Although the evidence is compelling with regard to the possibility of moderating automatic stereotypes, the likelihood of such moderation in everyday social encounters is not yet known. For example, suppression is a highly intuitive control strategy, yet its success depends on the employment of a specific implementation intention (Gollwitzer & Schall, 1998) or extensive practice (Kawakami et al., 2000). In addition, other research has shown that suppression (presumably without those additional features) can backfire and actually magnify automatic stereotypes (Galinsky & Moskowitz, 2000; Macrae et al., 1994). It is also important to acknowledge that any explicit strategy takes time and motivation to implement (Blair & Banaji, 1996), and its effects may not generalize beyond the specific context within which it is used. As discussed previously, Gollwitzer and Schall (1998) found that suppression coupled with an implementation intention reduced automatic stereotypes associated with the targeted person but not another group member. In addition, in a replication of the Blair et al. (2001) effects, Carpenter and Banaji (2001) found that counterstereotypic mental imagery moderated participants' automatic stereotypes but not their automatic evaluations of women.

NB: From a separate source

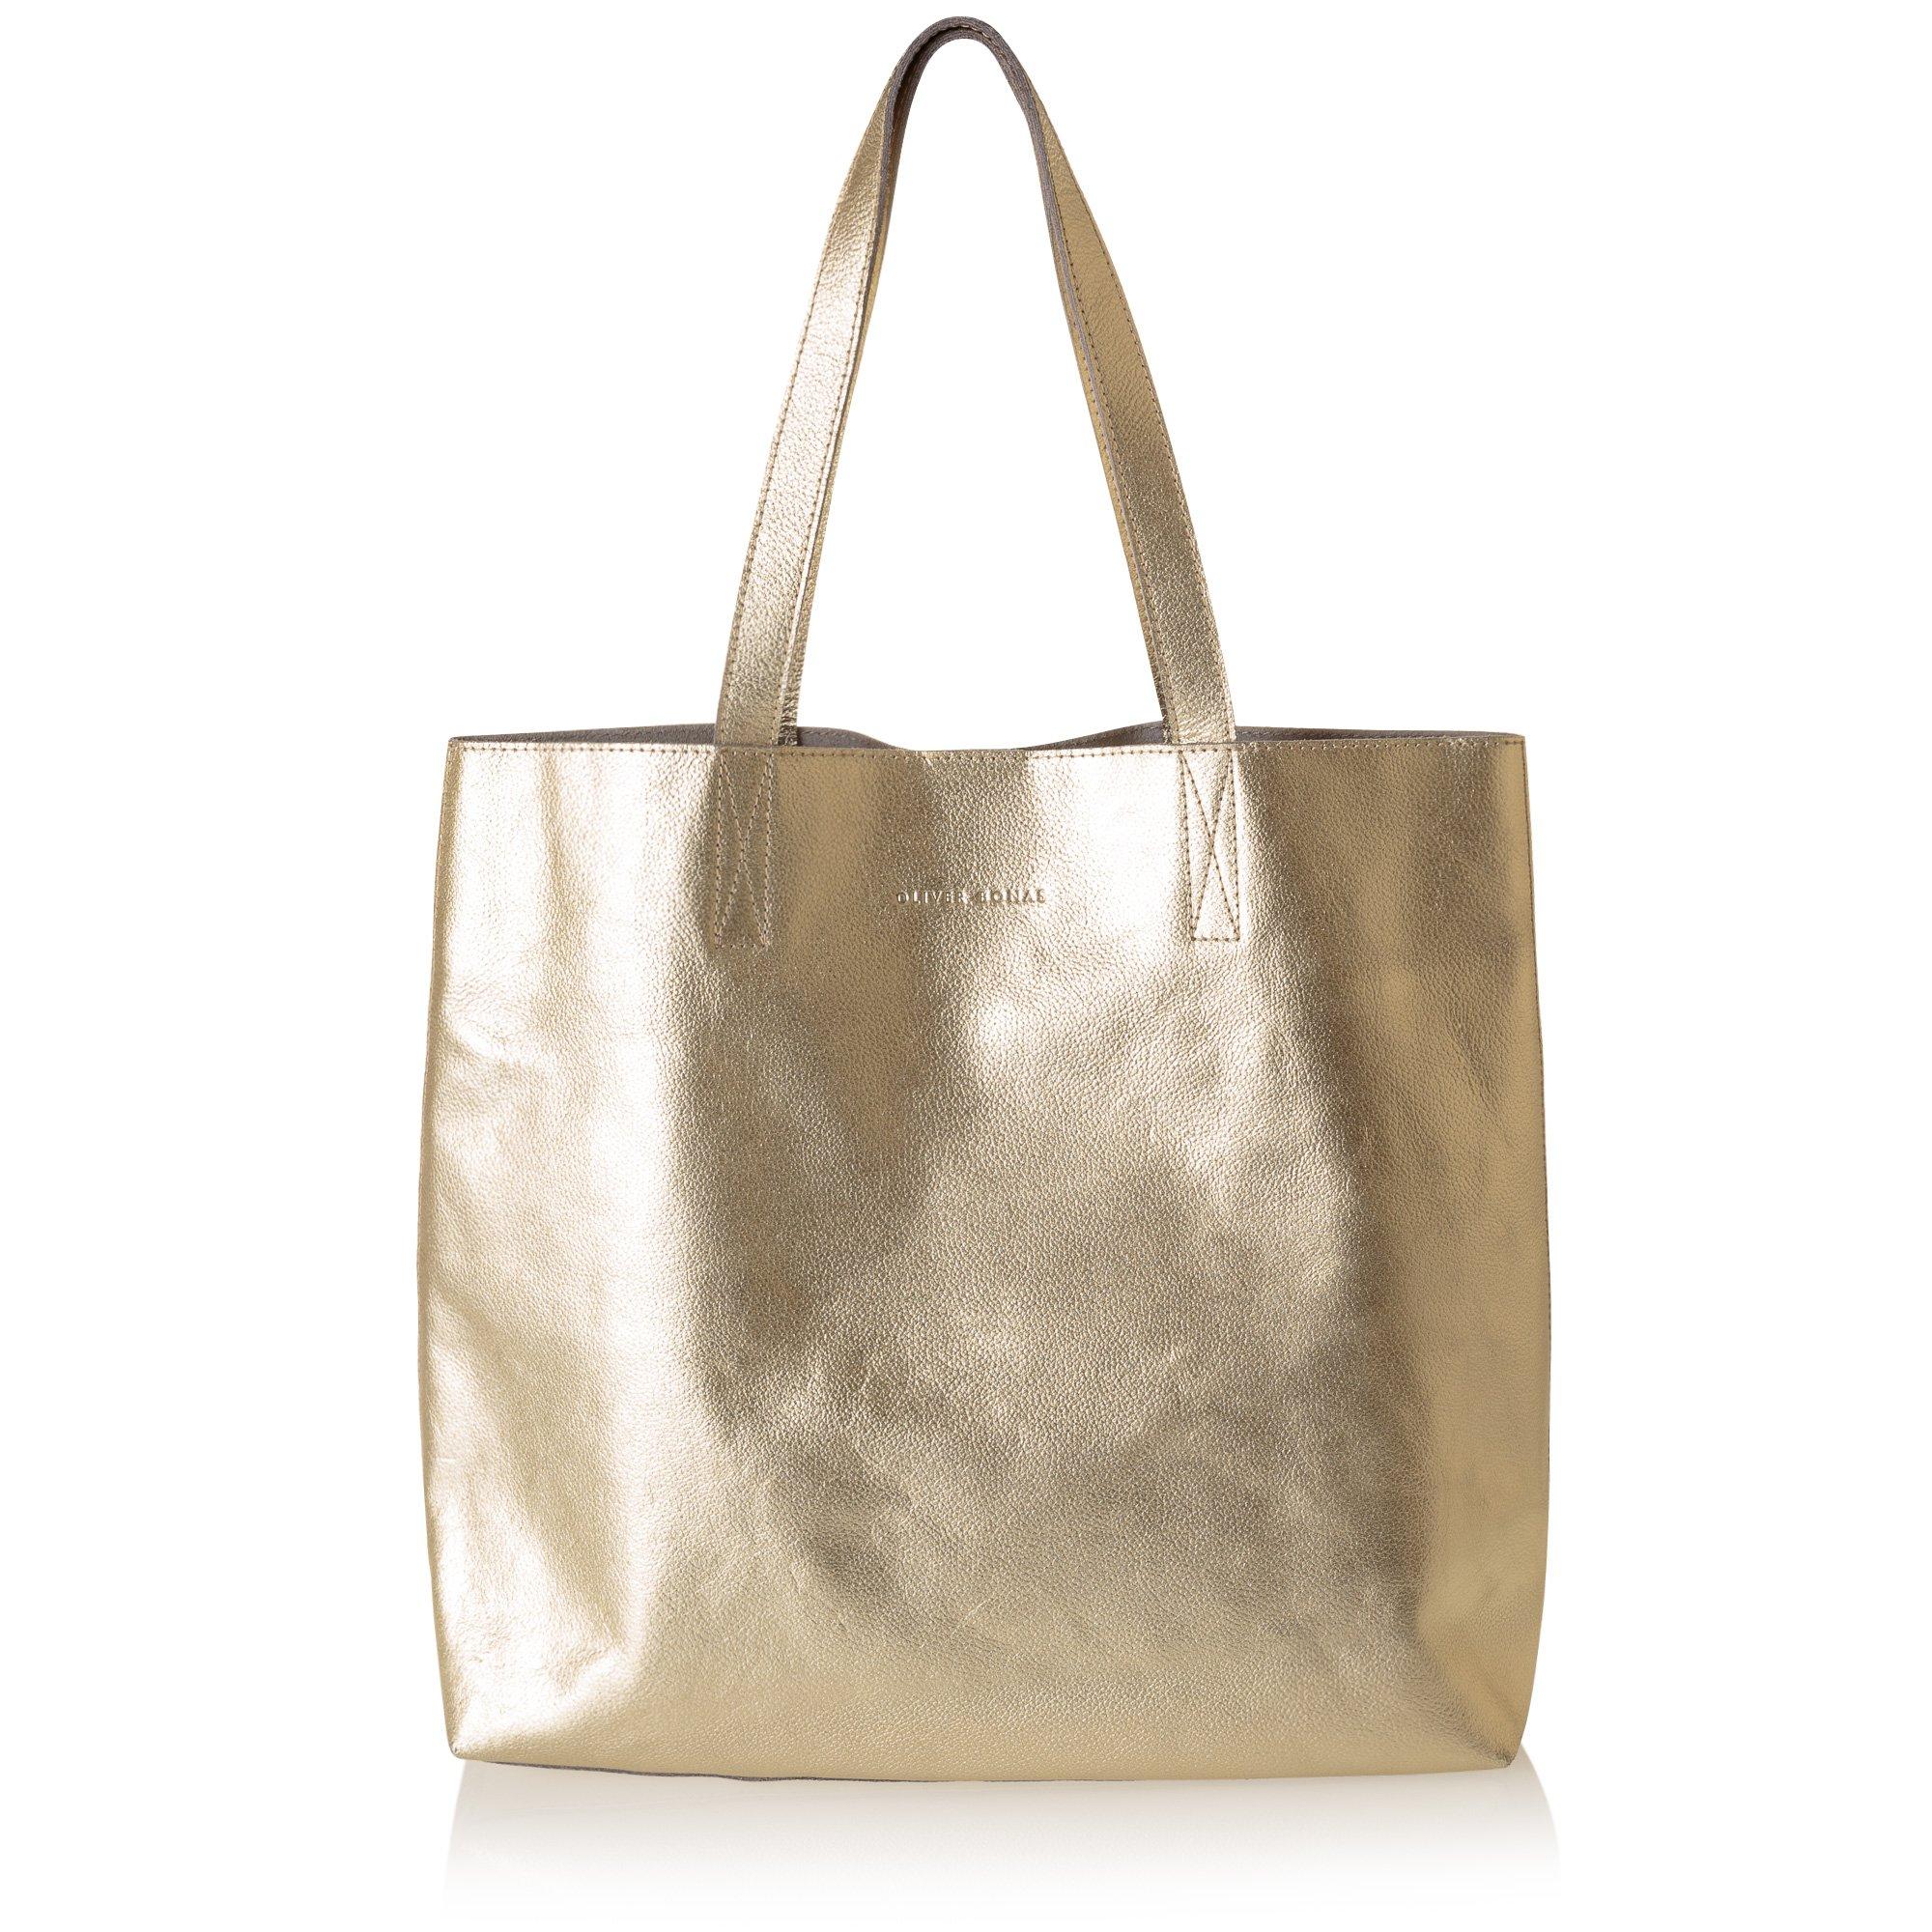 Free Comic Book Day Uk Store Locator: Gold Gold Metallic Leather Handbag

It remains for future research to determine what strategies under what conditions are the most effective in moderating automatic stereotypes. An answer will surely depend on additional considerations, such as individual differences in motivation and skill. For example, Moskowitz, Gollwitzer, Wasel, & Schaal (1999) found that people who have a chronic goal of fairness exhibited less automatic stereotypes than nonchronics. Because the chronically motivated individuals had as much explicit knowledge about stereotypes as the nonchronics, Moskowitz et al. suggested that the former group may be better at automatically suppressing their stereotypes. Wasel and Gollwitzer (1997) also found that chronically motivated perceivers were able to significantly reduce automatic stereotypes when the stimuli were consciously perceptible (200-ms presentation), as they were in the Moskowitz et al. study. However, such moderation did not occur when the stimuli were subliminal, and the participants were unaware that stereotypes might be operating.

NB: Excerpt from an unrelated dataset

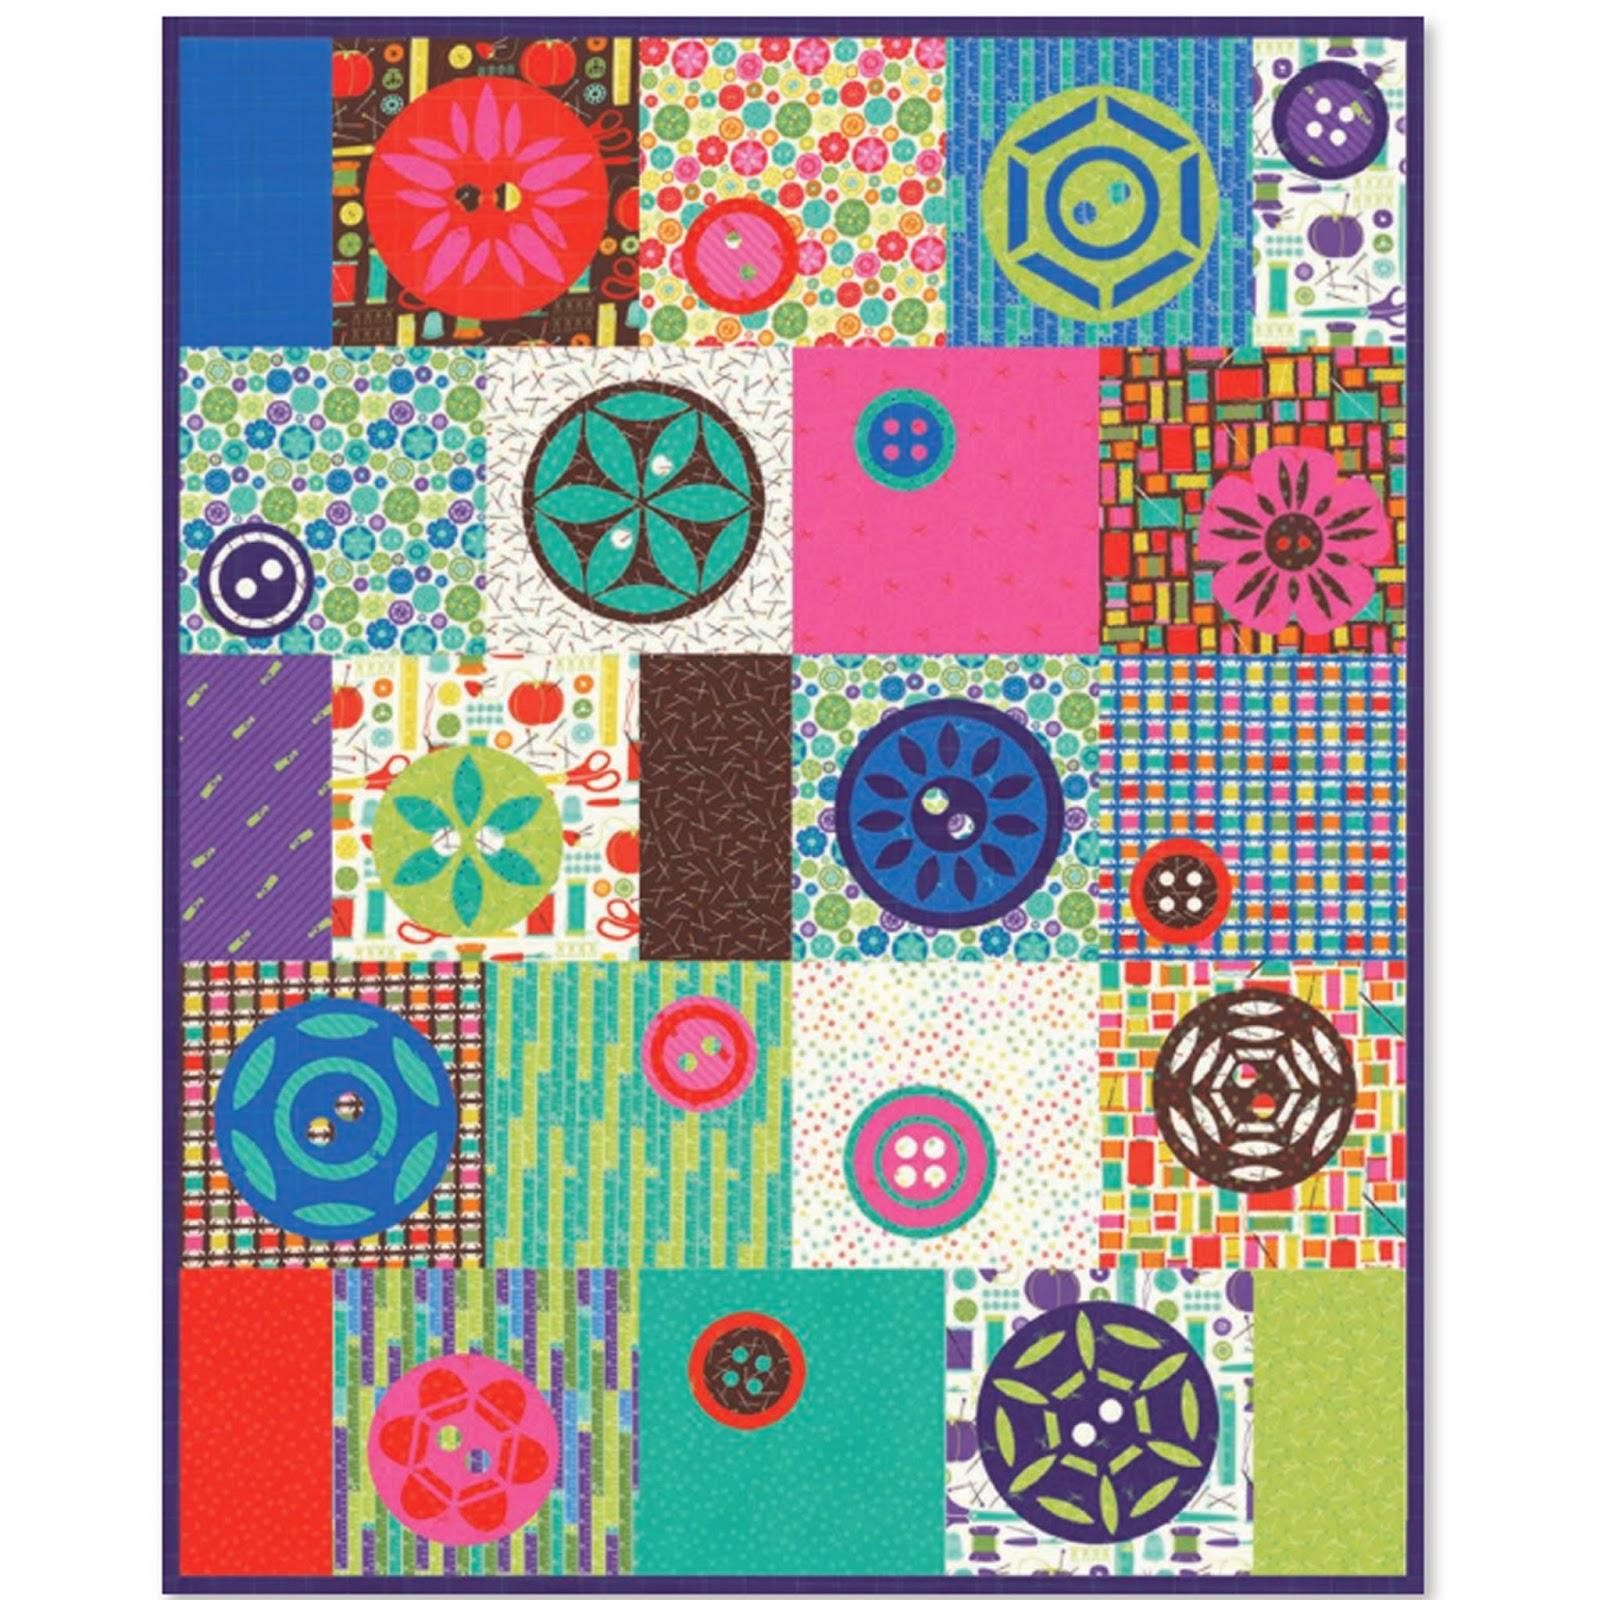 Moda SEWING BOX Free Quilt Pattern by Gina Martin

It is probably the case that strategic efforts to moderate automatic stereotypes and prejudice require some awareness, motivation, skill, and resources to be successful (Bargh, 1992, 1999)—although this may be less true with practice (Kawakami et al., 2000; Monteith, 1993). Nonetheless, the evidence shows that just because a process is automatic, it cannot be assumed to be impervious to perceivers' goals and strategies.
- Blair, Irene V.; The Malleability of Automatic Stereotypes and Prejudice; Personality & Social Psychology Review; 2002; Vol. 6, Issue 3.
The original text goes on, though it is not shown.